Let’s consider this scenario the minimum key has rank 0, the next smallest has rank 1, and so on. In doing so, we can infer the rank of any key is equal to the number of keys in the tree less than that key. Thus, we can implement a function to find the rank of any given key:

fun rank(node: Node<K, V>, key: K): Int {
    if (node == null) return 0

    val gap: Int = key.compareTo(node.key)
    return if (gap > 0) {
        1 + size(node.left) + rank(node.right, key)
    } else if (gap < 0) {
        rank(node.left, key)
    } else {
        size(node.left)
    }
}

The size procedure will return the number of nodes in the sub-tree of a given node.

Of course, following the logic, we can implement the opposite procedure, which is to find the key of a given rank.

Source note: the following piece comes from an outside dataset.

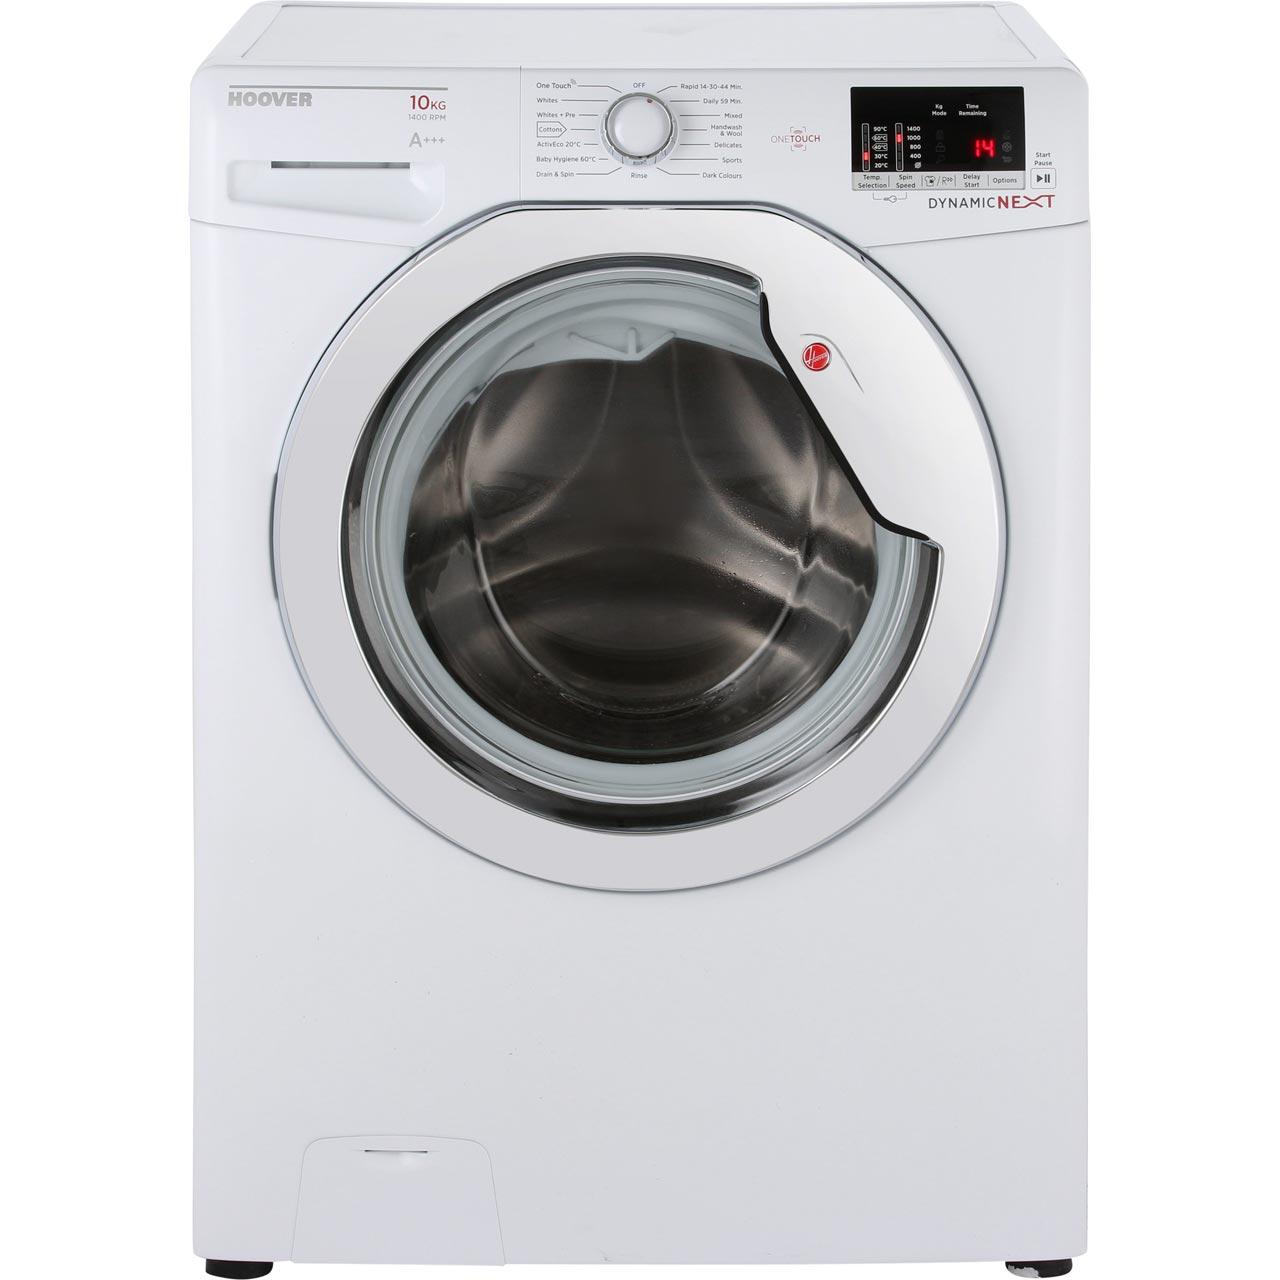 General Electric Washing Machine Wiring Diagram Wwa8858malad

fun key(node: Node<K, V>, rank: Int): K {
    if (node == null) return null

    val numOfLeftTree: Int = size(n.size)
    return if (numOfLeftTree > rank) {
        // current node's rank is larger than the given rank
        // thus we nned to choose the left sub-tree
        key(node.left, rank)
    } else if (numOfLeftTree < rank) {
        // Jump to right sub-tree, we don't num of left tree and current tree
        // Suppose the given rank is 12, and current node's rank is 10
        // Note that 12th is also the 2ed after 10th
        key(node.right, rank - numOfLeftTree - 1)
    } else {
        // Here it is!
        return node
    }
}

Get & put methods

As one kind of implementation of the symbol table, the binary search tree must be able to store key-value pairs. To implement those, we need to implement these methods in the interface:

interface SymbolTable(K, V)<K: Comparable<K>, V> {
    fun get(k: K): V?
    fun put(k: K, v: V)

    // ...
}

As you can see in the definition of the interface, the upper bound of the generic key Key is the Comparable<T>. This, of course, allows us to compare the keys in the binary search tree with any key for which we might be searching. Based on this design, we can take advantage of the properties of the binary search tree to implement the get method. Consider the following example:

Suppose we seek the node with the key R, the green node. We know the entire binary search tree has only one reference to the node S identified as root. To seek R, we need to start from the root node. Thus, we create a pointer and point it to the root node S.

Compare the node’s key pointed by the pointer with what we want, noting that $R < S$ . Since in the binary search tree, the nodes’ key in the left sub-tree is smaller than the current topped node’s key, we can infer that R is never in the right sub-tree. Thus we make the pointer point to the E. Continue the above logic; the pointer will point to the right sub-tree of E. We find, at that moment, it is equal to our target. We’re done.

But at this point, we immediately think, if the key we are searching for is not in the binary search tree, how to know that? Well, it’s pretty easy. Suppose we seek the node with the key F; after going through similar steps as above, the pointer points to node R. We find the R is a leaf node, which means it has no sub-tree, and the value left and right are both null. At that moment, we can say, F is not in the current binary search tree. By the way, this is the worst case of get methods.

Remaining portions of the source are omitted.